> The problem: Print the records below exactly. Omit every picture.
═════ Available data
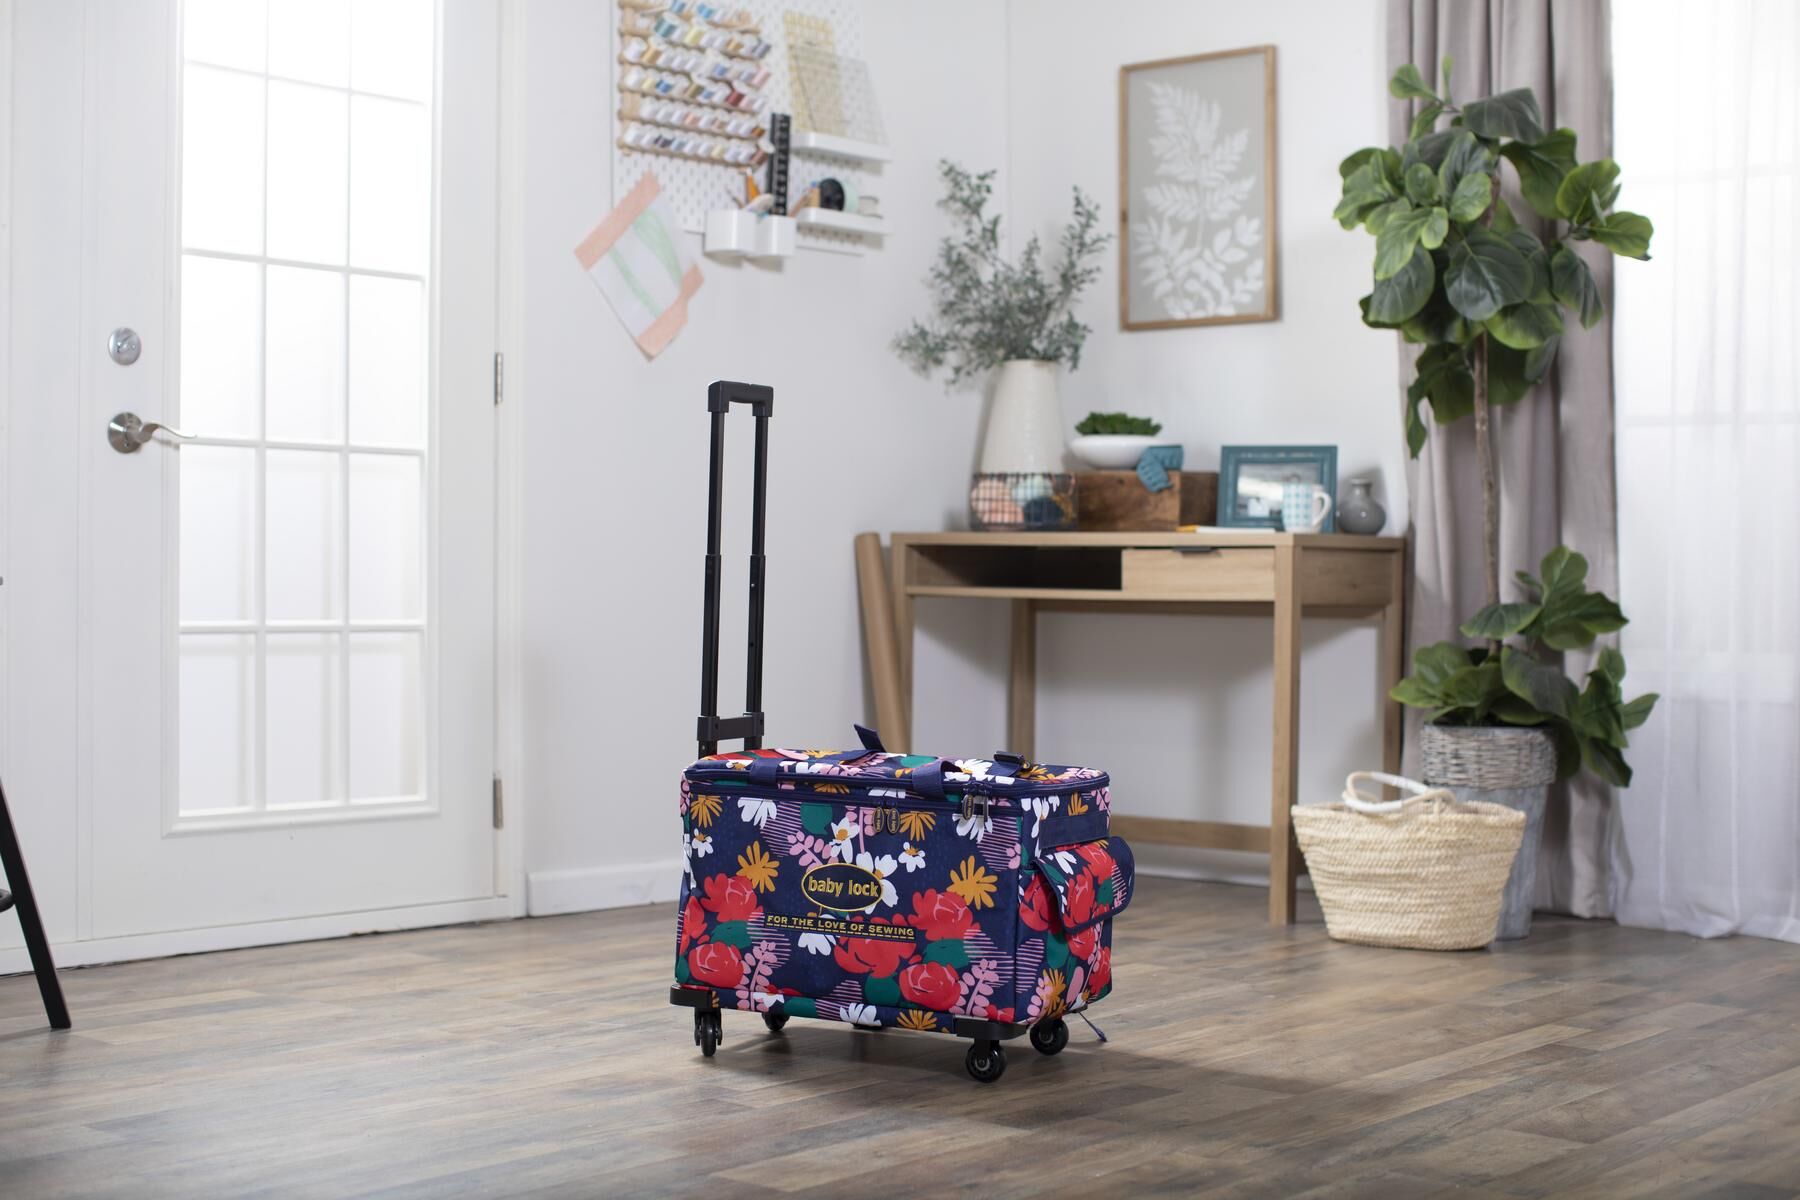 Baby Lock Limited Edition Floral Print XL Machine Trolley with Included Embroidery Arm Bag,Baby Lock Limited Edition Floral Print XL Machine Trolley,Baby Lock Limited Edition Floral Print XL Machine Trolley with Included Embroidery Arm Bag,Baby Lock Limited Edition Floral Print XL Machine Trolley
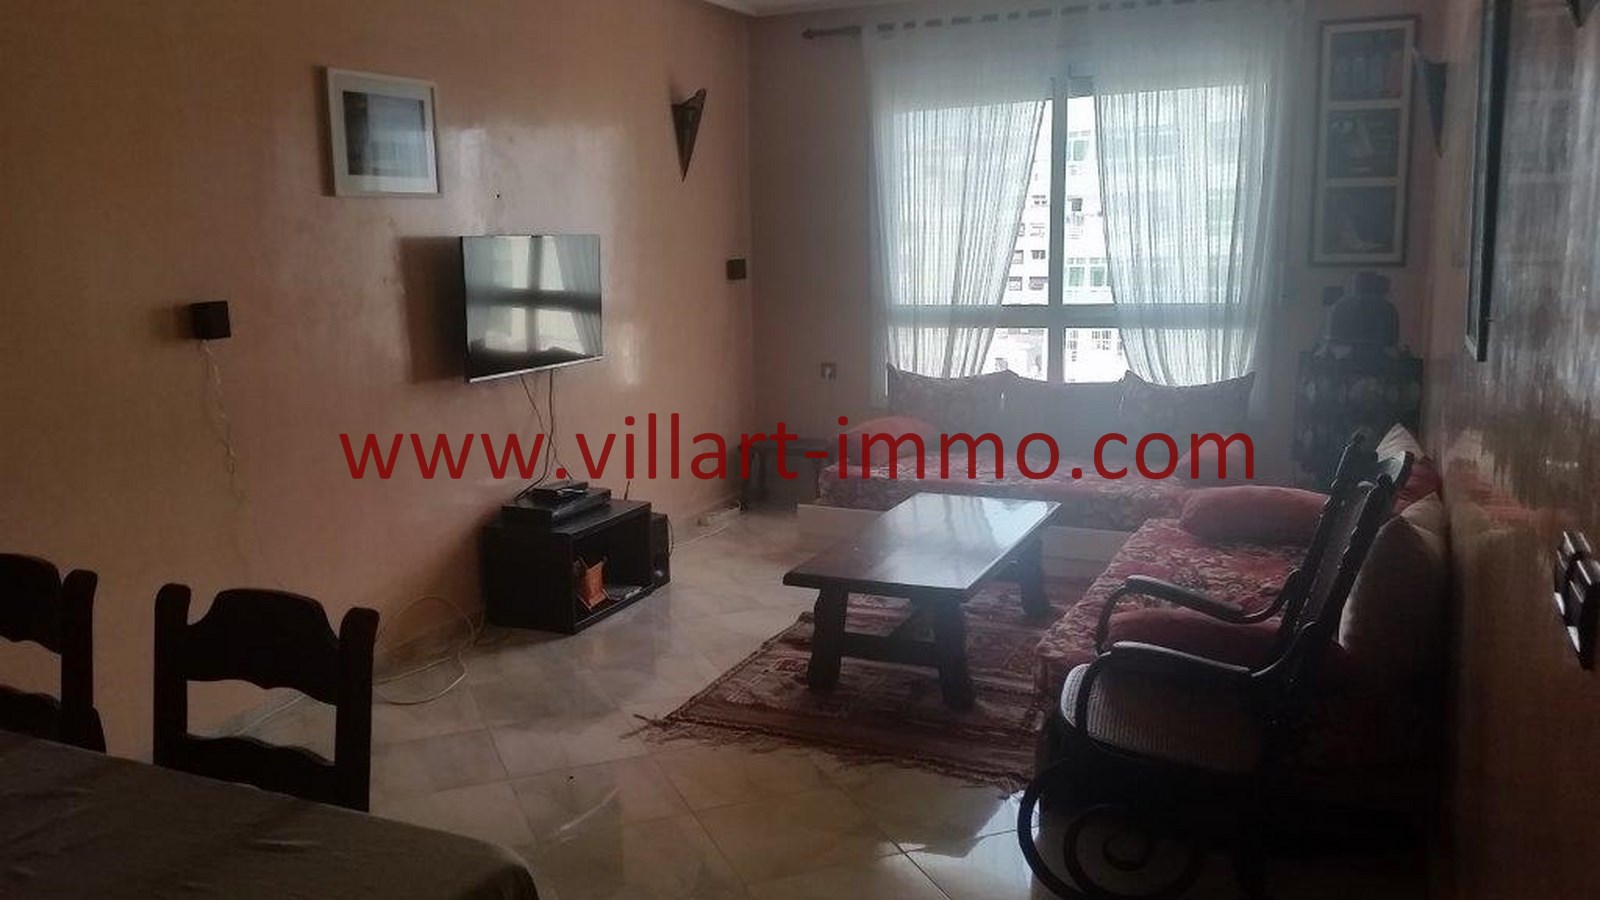 1-location-appartement-meuble-tanger-salon-l856-villart-immo-agence-immobiliere
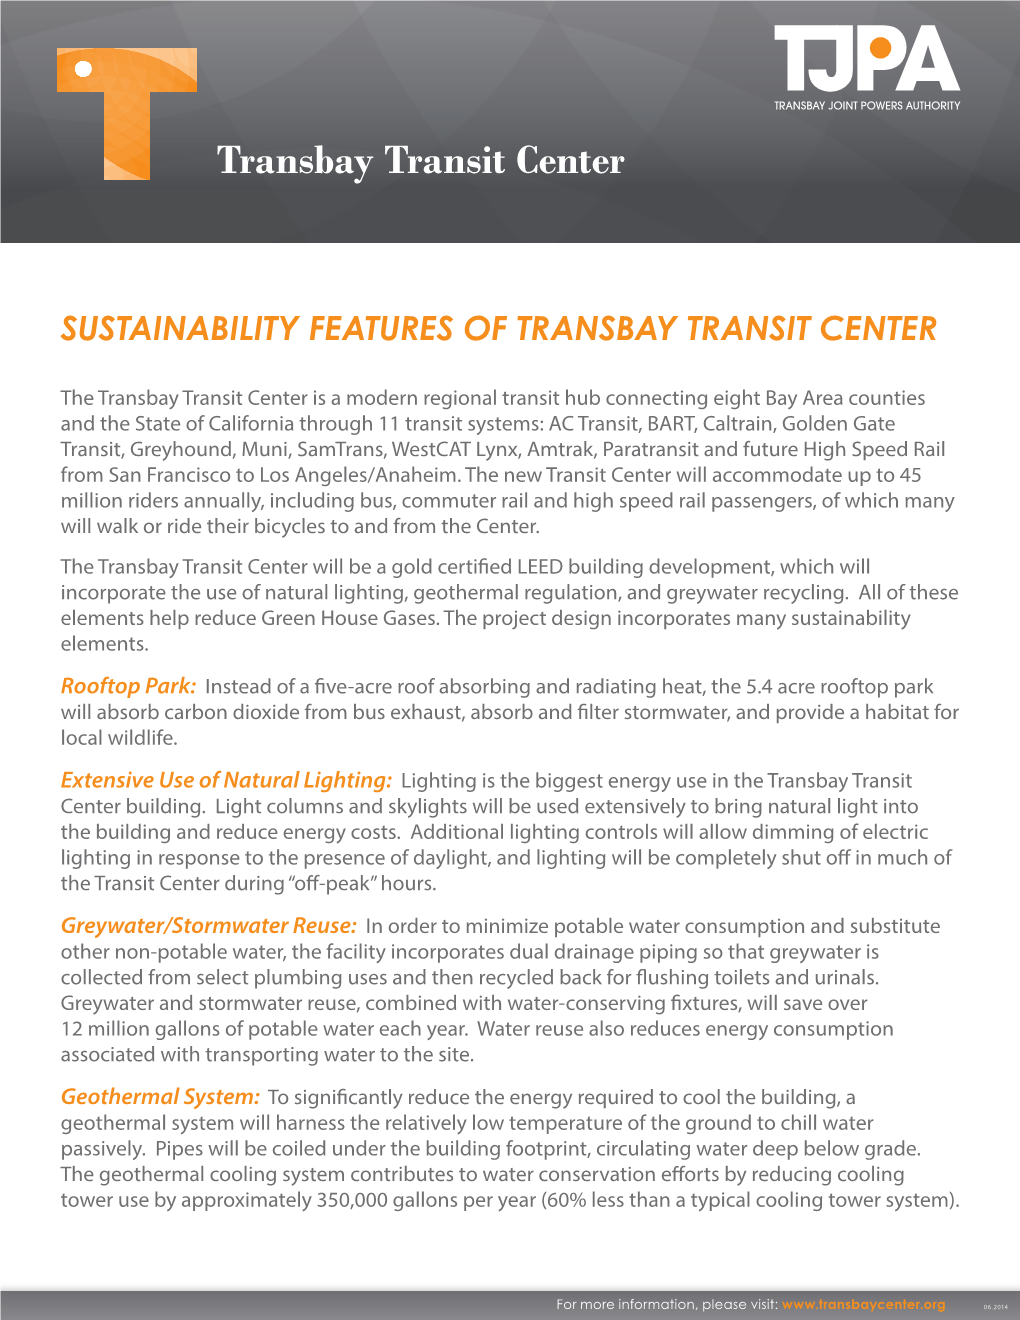 Sustainability Features of Transbay Transit Center
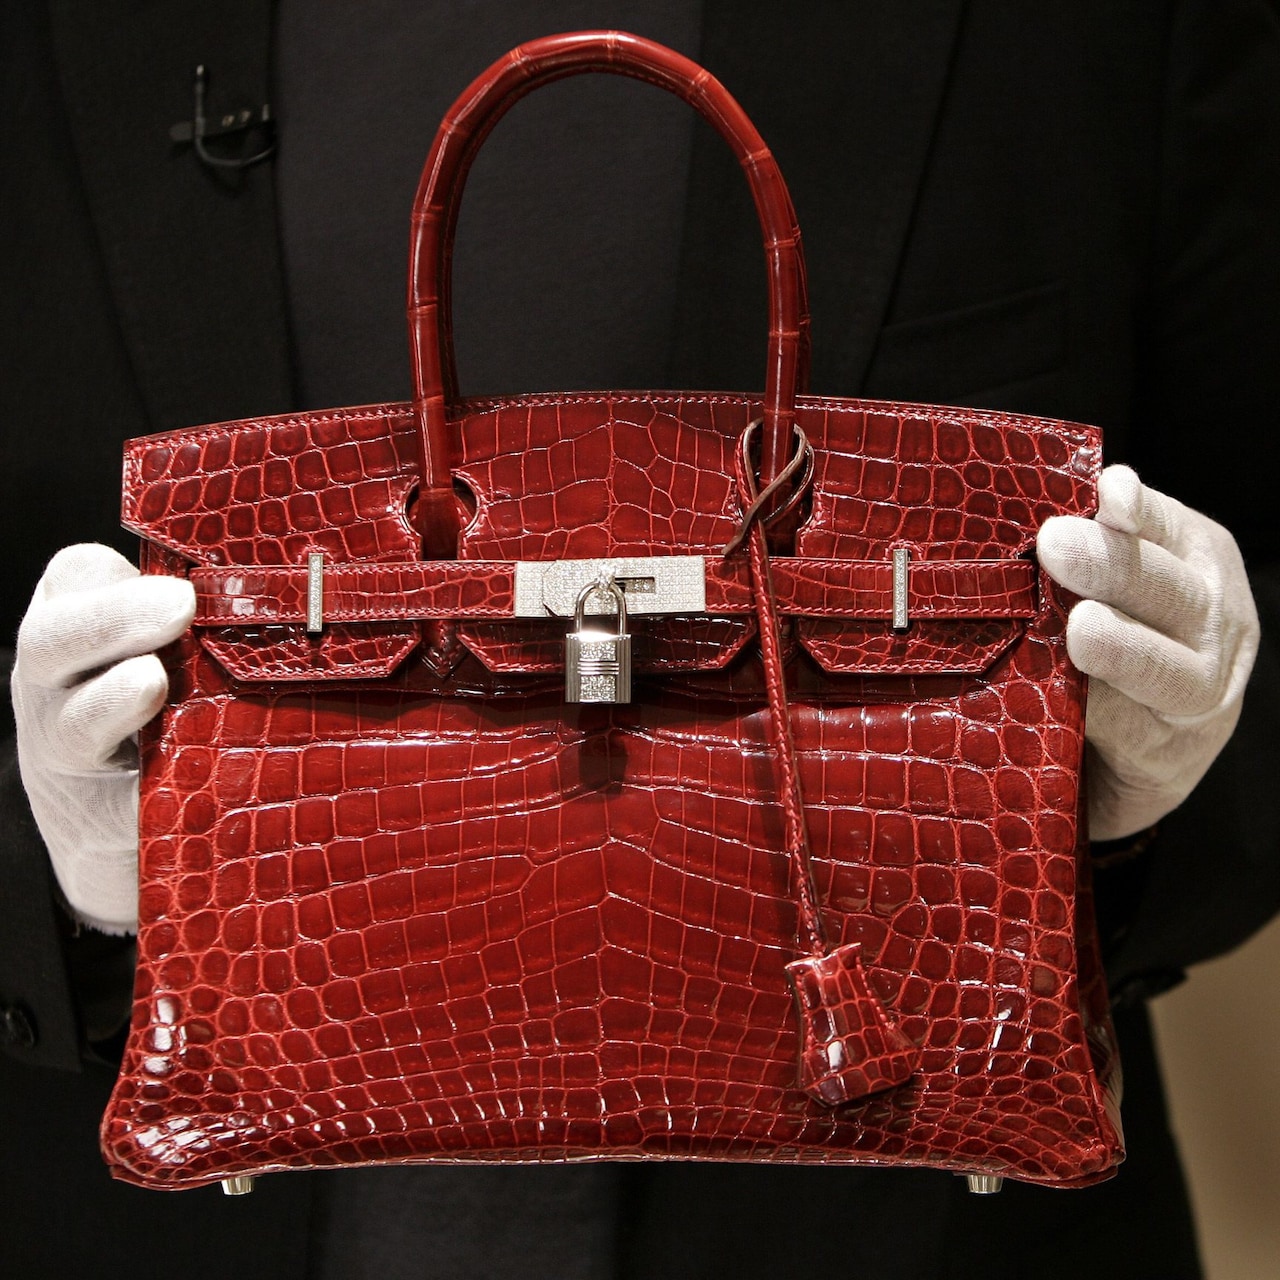 how much is the most expensive birkin bag
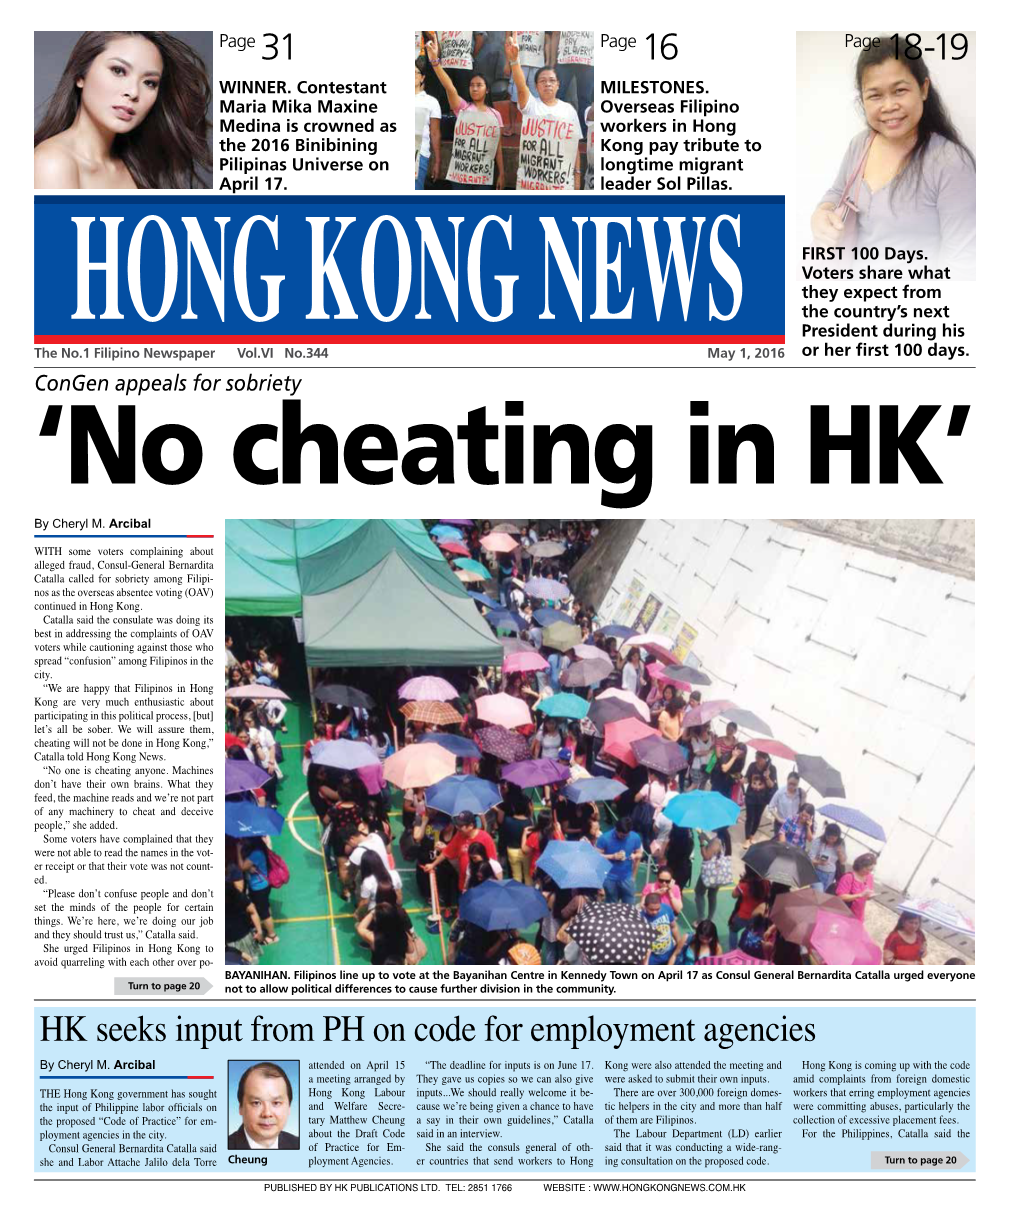 HK Seeks Input from PH on Code for Employment Agencies by Cheryl M
══════════
> Your response:
 Baby Lock Limited Edition Floral Print XL Machine Trolley with Included Embroidery Arm Bag,Baby Lock Limited Edition Floral Print XL Machine Trolley,Baby Lock Limited Edition Floral Print XL Machine Trolley with Included Embroidery Arm Bag,Baby Lock Limited Edition Floral Print XL Machine Trolley
 1-location-appartement-meuble-tanger-salon-l856-villart-immo-agence-immobiliere
 Sustainability Features of Transbay Transit Center
 how much is the most expensive birkin bag
 HK Seeks Input from PH on Code for Employment Agencies by Cheryl M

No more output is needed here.